My family unraveled and snapped back together in an unrecognizable form last year, leaving me with too many thoughts and too much energy. When things felt out of control, I’d blast some heavy metal or Hardcore History and take off running from Queens to Brooklyn. It wasn’t really the best place for a jog, but I did it anyway; I weaved through NYPD fundraisers and throngs of churchgoers; I dodged dads with strollers and pipe-smoking elderlies. After a mile or two, I eventually tottered back into my railroad apartment, lungs stinging, legs giving out, but in control.
That’s why I can relate to this clip from the upcoming documentary Liam Gallagher: As It Was, out September 13. It’s a very simple scene. The ex-singer of Oasis awkwardly jogs across the Golden Gate Bridge at sunrise. His (lack of) running technique looks like mine: feet shuffling, elbows locked to his sides. He slows to a walk, takes in the overcast morning and grins.
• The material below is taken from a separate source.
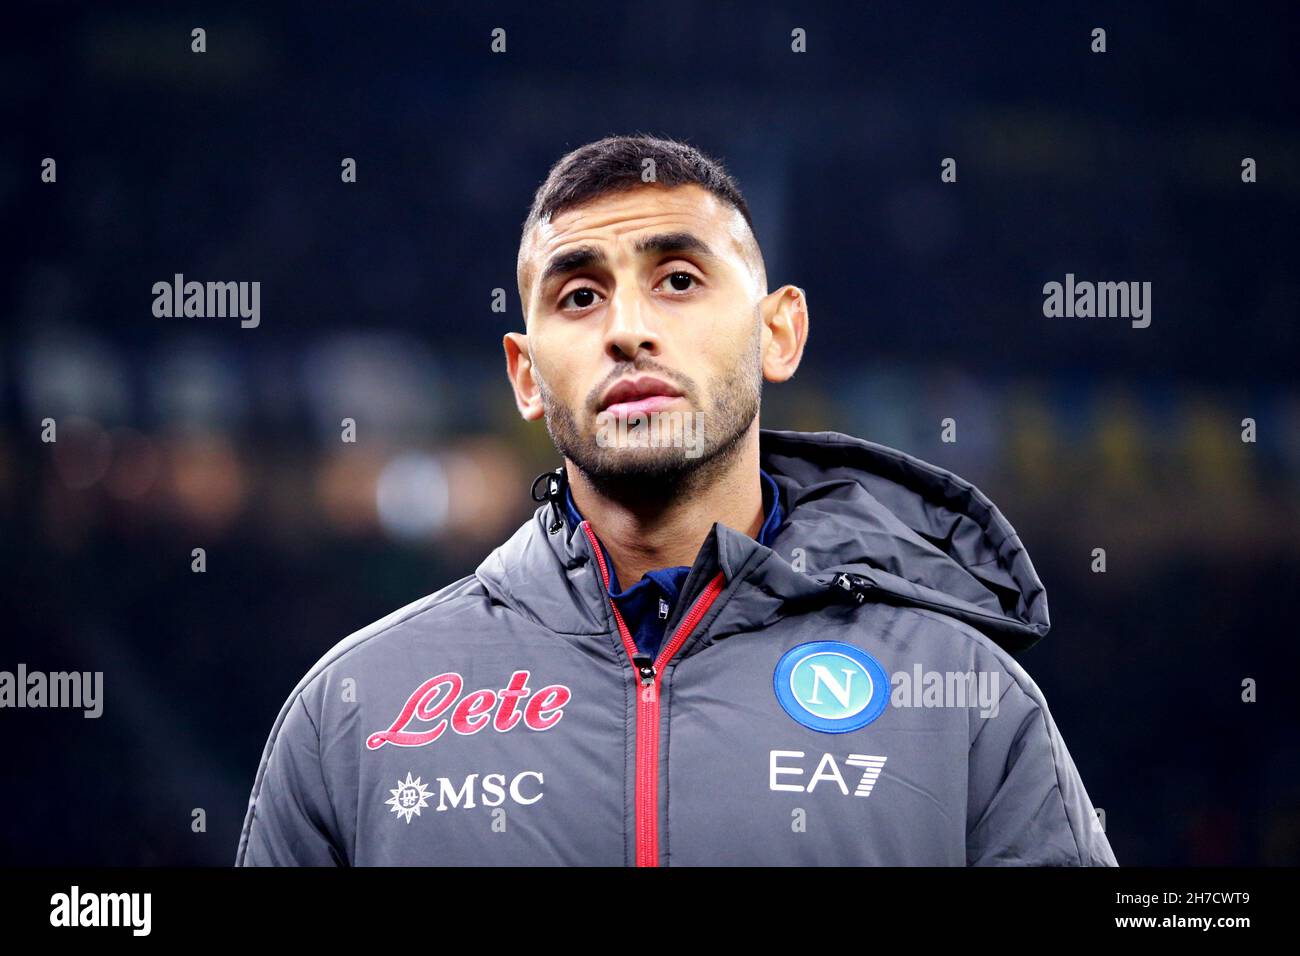 Faouzi Ghoulam of Ssc Napoli  looks on during the Serie A match between Fc Internazionale and Ssc Napoli. Stock Photo

“This is what it’s about, man!” exclaims a rock star who has sold 75 million records and crooned “Wonderwall” around the planet. He excitedly points to a cloudbank like a little boy, “I don’t want to fooking die!”
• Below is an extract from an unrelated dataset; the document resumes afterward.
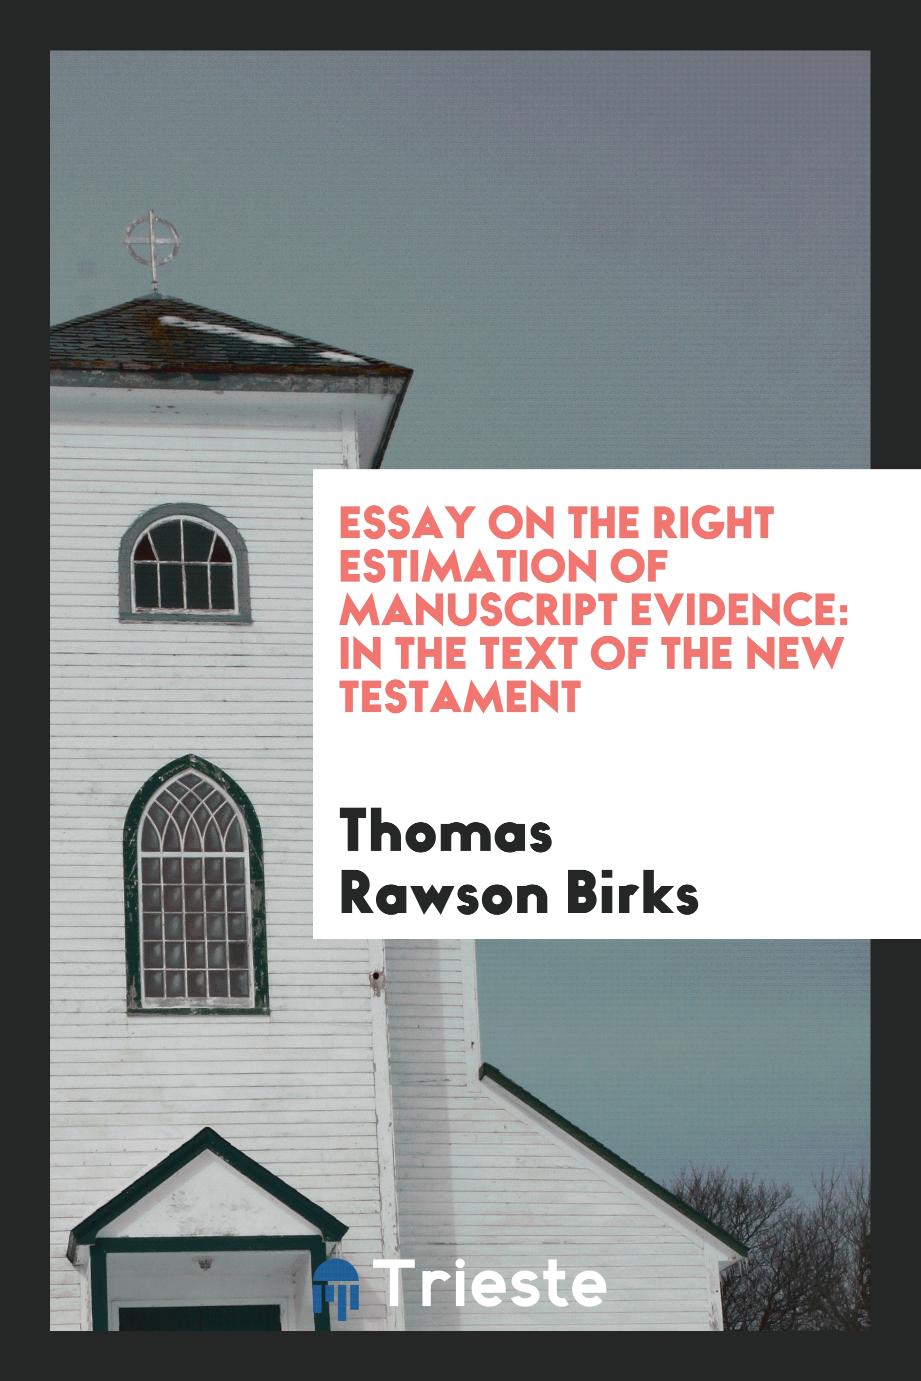 Essay on the Right Estimation of Manuscript Evidence: In the Text of the New Testament

I never wanted to die, even at my lowest moments — and it wasn’t my life unraveling, per se. I was thriving in my adopted home of New York. I loved hustling as a music journalist, my then-fiancée and I had an apartment we loved, and we were getting married in the fall.
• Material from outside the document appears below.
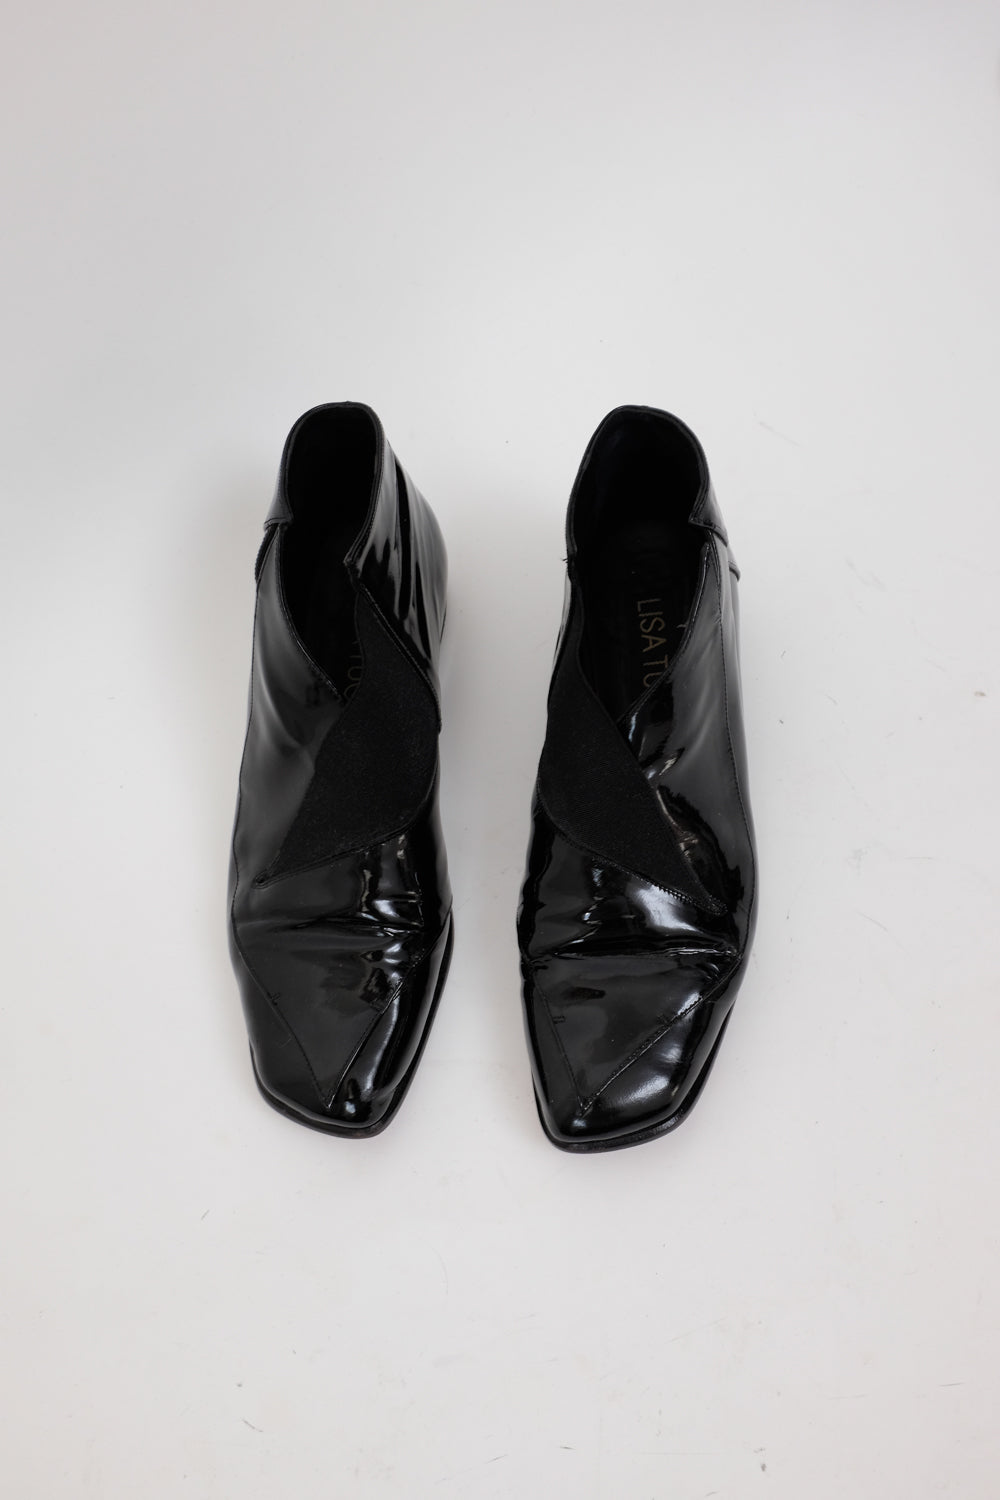 SPECIAL VINTAGE ITALY BLACK 39 PATENT LEATHER BOOTS

But back home in California, my father’s recent passing had cracked open a fissure in my immediate family. Unable to unring that bell, I acted compulsive and controlling, cleaning rooms that were already clean and rewriting articles that were already written. Things are much better now on the family front, but clearly, I was being tested. And when it all became too much, running became my outlet — much like Gallagher’s.
My life bears no similarities to Gallagher, who had a hardscrabble Manchester upbringing before defining Britpop in the 1990s with his brother, Noel. But I get how he arrived at this moment of joy on the Golden Gate.
As It Was chronicles the 2009 backstage blowout that ended Oasis, his five-year period as singer of Beady Eye, and his present form as a solo artist and Twitter provocateur.
He goes up and down with booze and drugs, questions his songwriting abilities and, eventually, finds redemption being exactly who he is. “I’m just a rock & roll singer in a band,” he says midway through. “That’s all I’ve ever been and that’s all I ever want to be.”
Gallagher’s comment, in which he sees the forest for the trees, sums up how he pushes through adversity in As It Was. During my unpredictable year, I could only take inventory of what I could and couldn’t control; who I was or wasn’t. I value my relationship. I make music. I write about music. And sometimes, taking off in a sprint was all I could do.